The countries of Eastern Europe continue to struggle with the classification of their history and the people and currents that shaped it. This is especially true for the legacy of the time immediately before the Communist seizure of power. In many Eastern European countries, since the 1920s, there were fascist or openly National Socialist groups that enjoyed widespread popular support; they generally combined radical anti-communism with a totalitarian idea of society and eliminationist anti-Semitism modeled after German National Socialism.

From these groupings, the Nazis gained before and at the outbreak of WWII many fanatical supporters for their policy of violence and extermination, a policy that aimed at the complete eradication of whole races, especially the Jews and Roma. The prejudices and social exclusion that had prevailed for centuries, as well as the existing willingness to use violence against these population groups in Eastern Europe, were taken up by the Nazis and made serviceable for their barbaric extermination project. The anti-Semitic and fascist organizations of the “elites” in these countries disappeared apparently later with the Communist seizure of power, but the persons and attitudes of course remained largely unchanged.

While many leading members of fascist groups settled in the West in time, and others being executed or sentenced to lengthy prison terms in trials that were usually not according to the standards of constitutional democracies, there were also many who remained undisturbed. Among other things, the collapse of the communist bloc in Eastern Europe led to the formation of political groups that deliberately leaned towards pre-war organizations and that see themselves as following the values of such organizations. As a rule, the anti-communism of these pre-WWII groups is emphasized, but the totalitarian-fascist and anti-Semitic tradition is often concealed or relativized.

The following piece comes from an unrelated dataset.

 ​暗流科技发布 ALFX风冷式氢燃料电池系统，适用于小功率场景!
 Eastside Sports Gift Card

Hard-boiled anti-Semites and racists who have survived the communist regime and who are still proud of their (mis)deeds against Jews, and who in some cases spent decades behind bars in a communist prison, were suddenly revered by many despite (or perhaps because of?) their open advocacy of the ideology of their youth as anti-communist martyrs and heroes and role models for 21st century youth. And frequently, there are willing intellectuals who wholeheartedly support this revisionist narrative.

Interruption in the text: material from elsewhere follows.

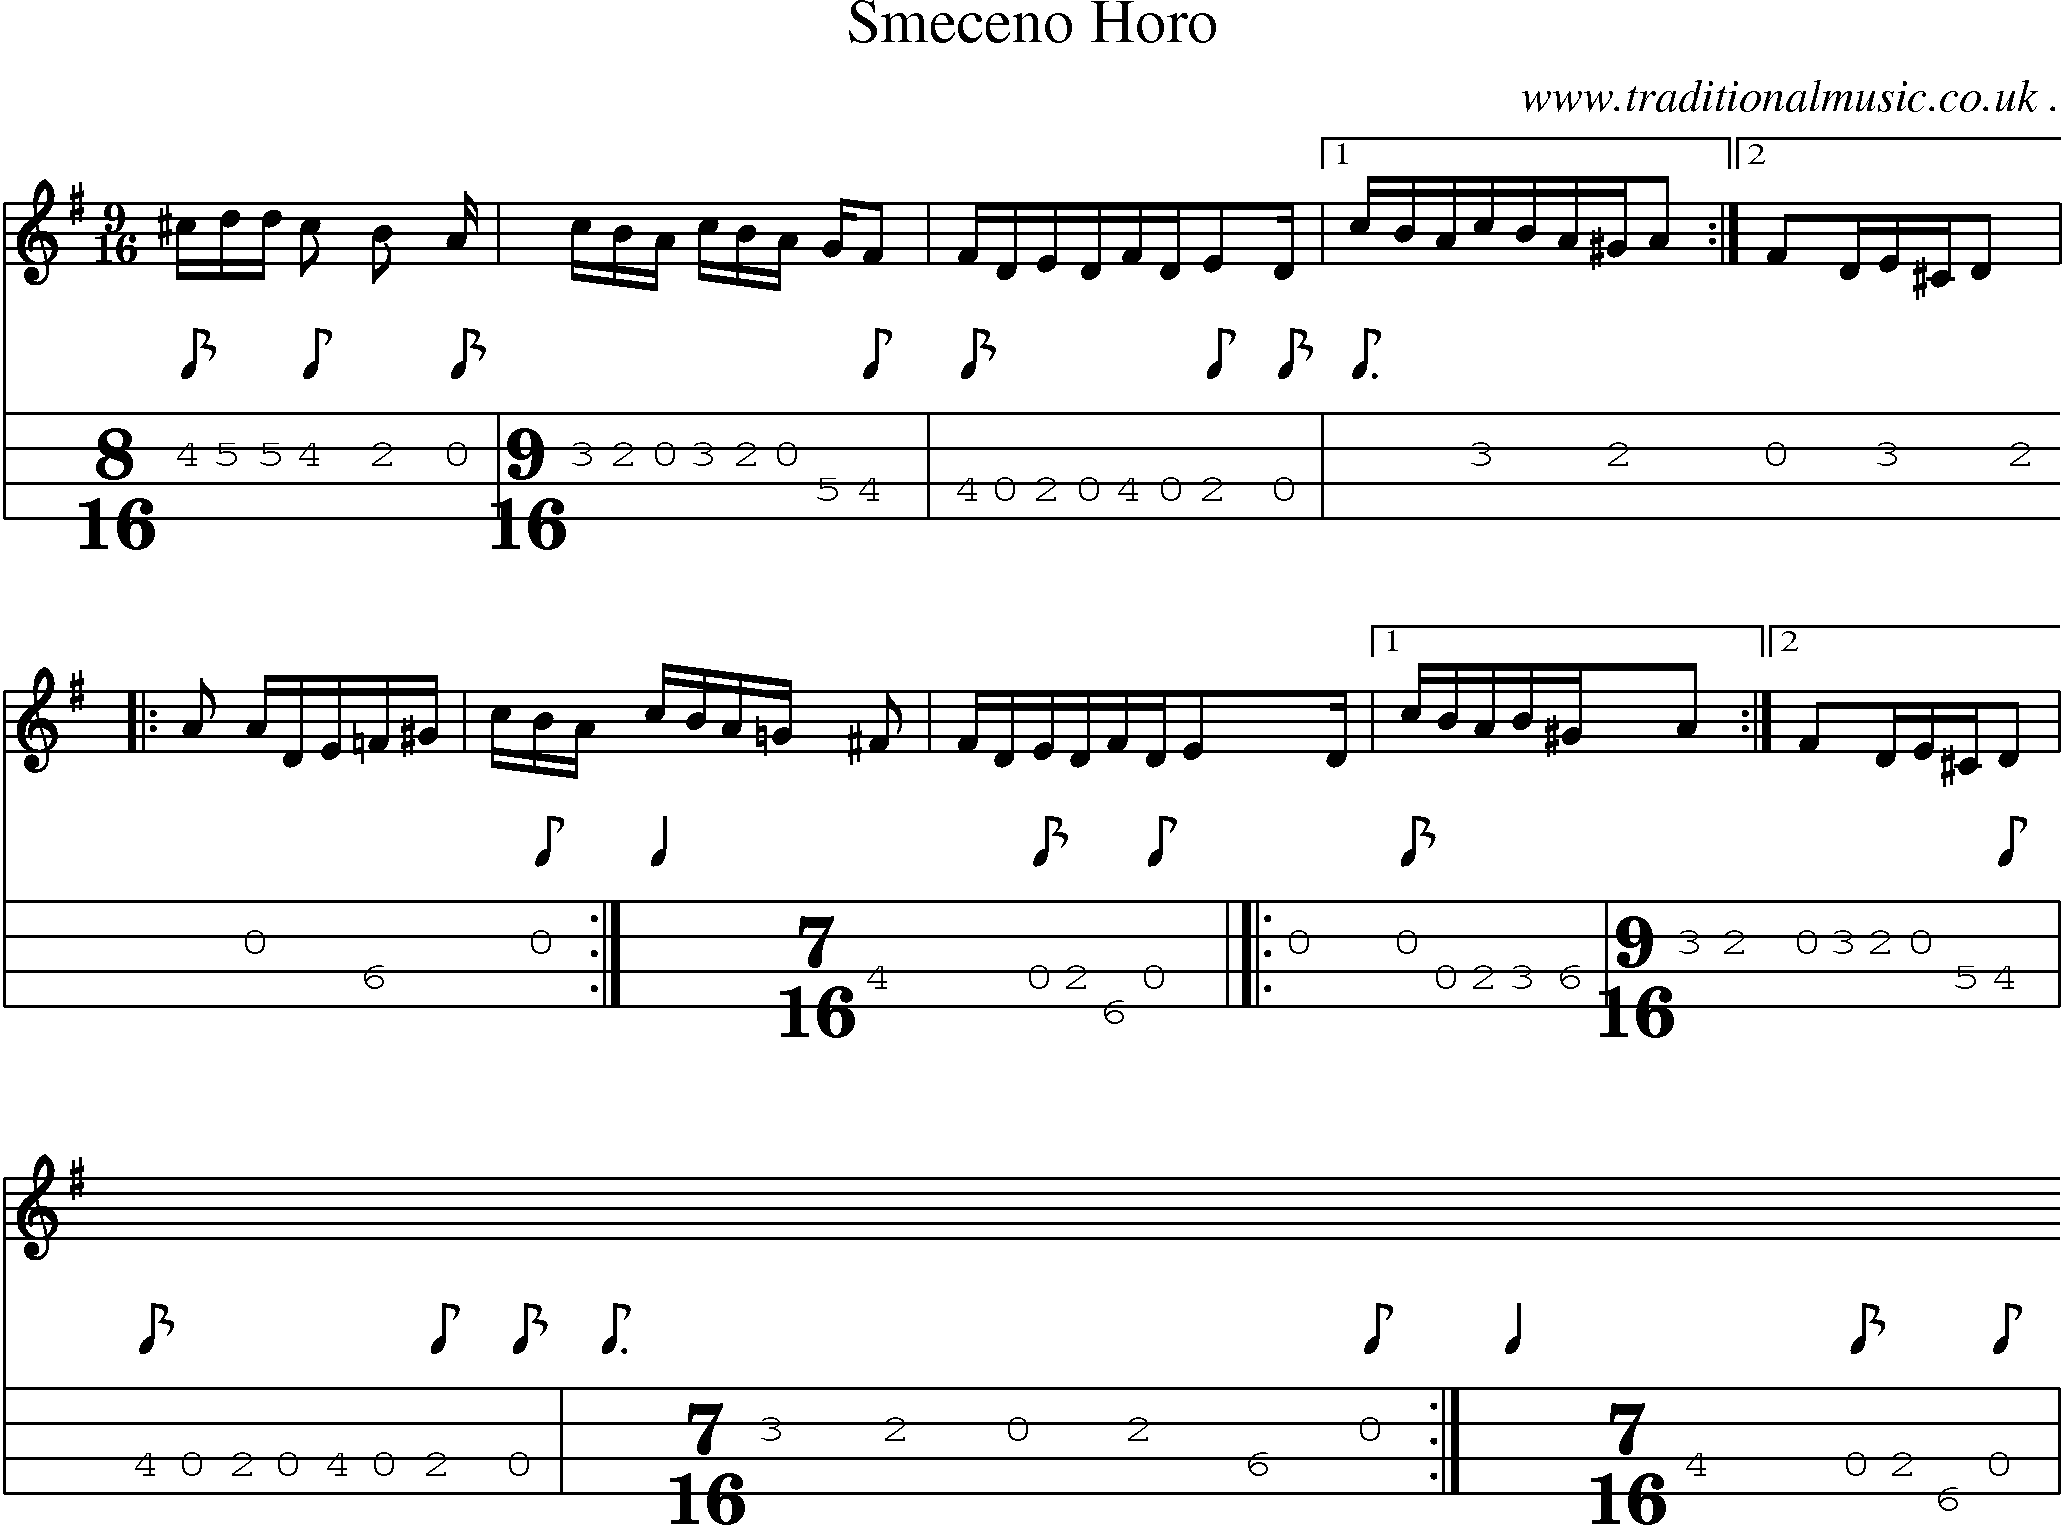 Sheet-Music and Mandolin Tabs for Smeceno Horo

I want to report on such a case here. The focus is on the Bulgarian writer Zachary Karabashliev, whose novel 18% Gray is also available in English translation.

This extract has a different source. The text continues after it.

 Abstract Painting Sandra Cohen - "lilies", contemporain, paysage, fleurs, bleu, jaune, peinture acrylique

What is it all about? On his Facebook profile Karabashliev describes a visit to a 97-year-old retiree, and he provides photos and explanatory text. This encounter has, in his own words, strongly impressed him. The old man, apparently still astonishingly vigorous for his age, was harassed several times by intruders in his home and probably also physically abused. Karabashliev demanded in a letter from the competent ministry a better protection and an increased pension for the war veteran, who also spent many years in a prison of Communist Bulgaria as a regime opponent.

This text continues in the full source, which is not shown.